Esrap TODO
As access to special variables can be slow, it may make sense to
store *cache*
and *head*
in slots of a structure context
and
this structure in a new special variable *context*
.
We’re interested in the production/failure, and the position.
The vast majority of parses result in failures, and we cons up a
failed-parse
for each. Unless the whole parse fails, the only
thing we are interested in is the position.
…and even if the whole parse fails, we use the additional information only to display a fancy error message.
So: unless parse
has been called with :debug t
, use the
fixnum
indicating the position to indicate a failed parse.
In the case of a success and matching a sequence we don’t really
need the whole result object for each submatch. Maybe return result
as multiple values from each rule, and have with-cached-result
cons up the object to store it when?
(or "0" "1" "2" "3" "4" "5" "6" "7" "8" "9")
can be implemented
with a range-check for char-code
. Similarly (or “foobar” “foo”
“bar”) can be implemented using tricks from pkhuong’s STRING-CASE.

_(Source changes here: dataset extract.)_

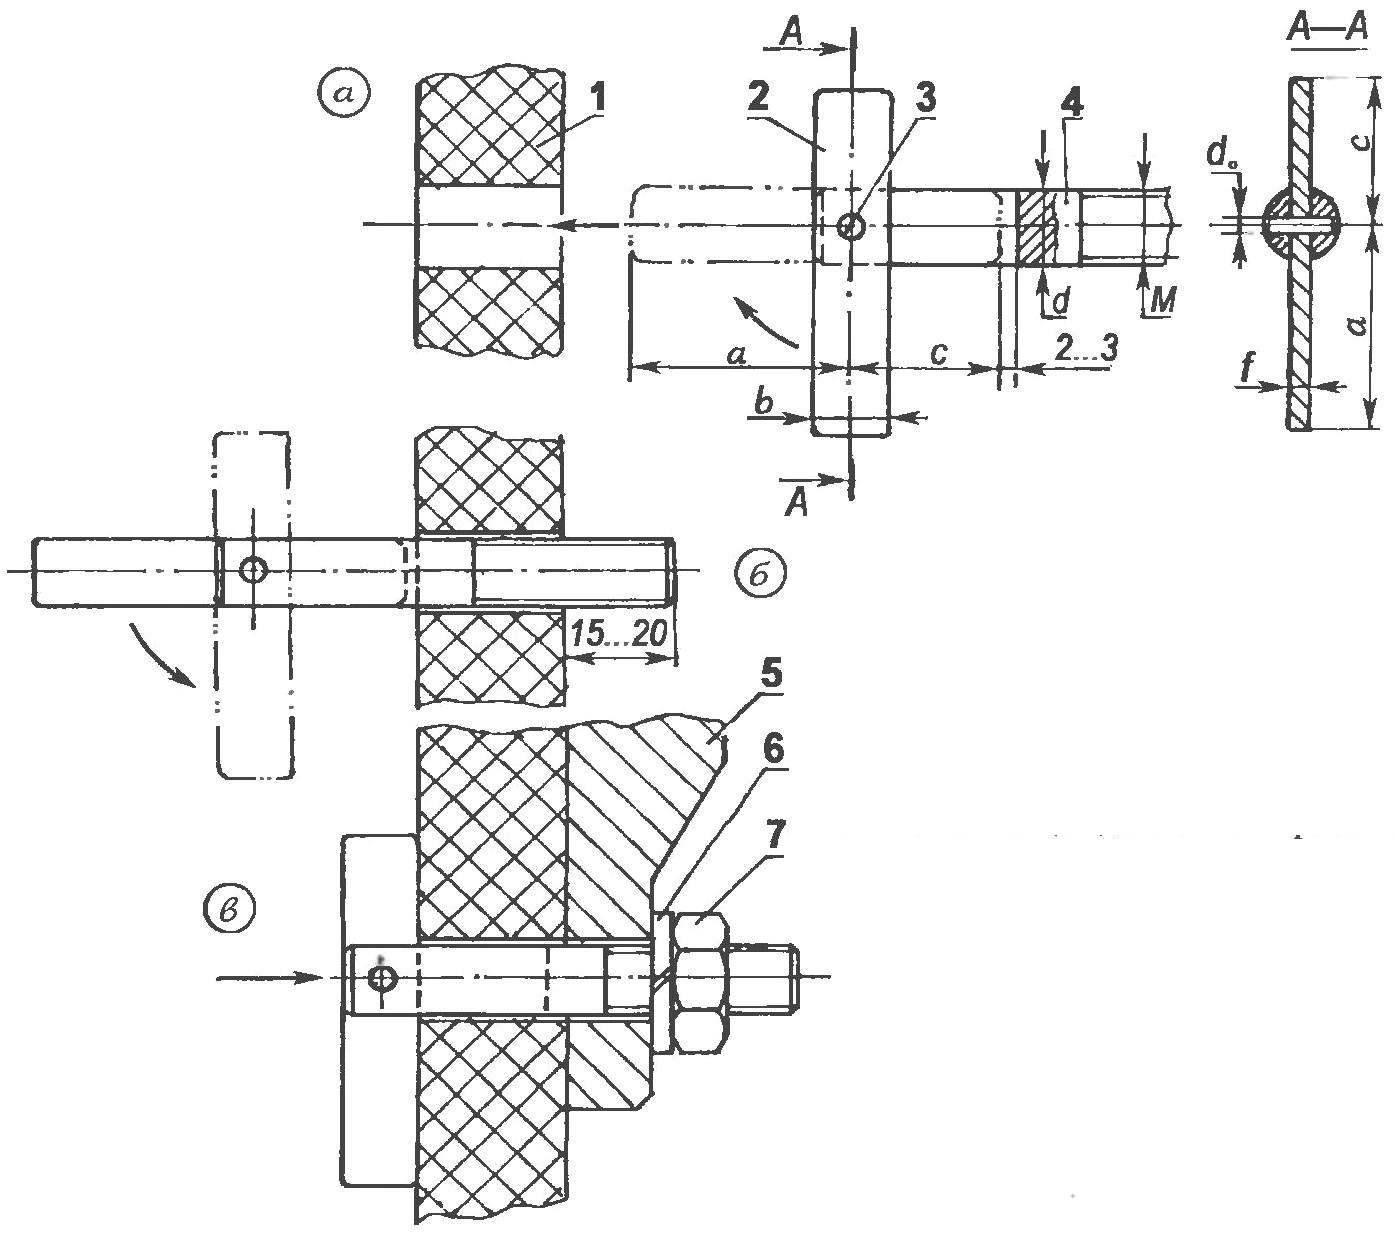 Крепление тяжелых навесных конструкций на тонкостенные перегородки щитового типа

The cache is a big bottleneck. Try out a few different designs. Early experiments show that while it’s easy to make something that conses less, it’s not trivial to make it much faster than the current simple hash-table based version.
Some statistics:
- 5-10% of positions in a given text have only failure results. If we can efficiently record the rules these are for…
- 40-50% of positions in a given text end up with exactly one successful result, irrespective of number of failures. Not sure if we can use this.
- 75% of positions in a given text end up with results. This should make a good estimate for the size of the cache needed.
GC is another related bottleneck. Not because we cons so much, but because we have this massive cache that keeps being written to, so we have boxed objects on dirty pages.
To reduce the GC pressure first optimize the result handling. If the issue still exists, see the first option below.
Maybe: Map rule to a position cache. In the position cache, need to be able to differentiate between 3 states: no result, success, failure. Need to also be able to store the result. If we store results in a single global result vector, and use N bits per position in the position cache: 0 no result, 1 failure, anything else is the position of the result object in the global vector.
Maybe: PCL-style multikey cache.
Maybe: Basic two-level cache. (Version of this on a branch.)
Parsing is currently thread-safe if parse
has been
compiler-macroexanded. *RULES*
needs locking, but isn’t used
during actual parsing.
Rules should be contained in grammars, so that symbols like cl:if
can refer to different rules in different contexts. Grammars can
also enforce rule numbering, making caching results easier. It
should be possible to inherit from other grammars.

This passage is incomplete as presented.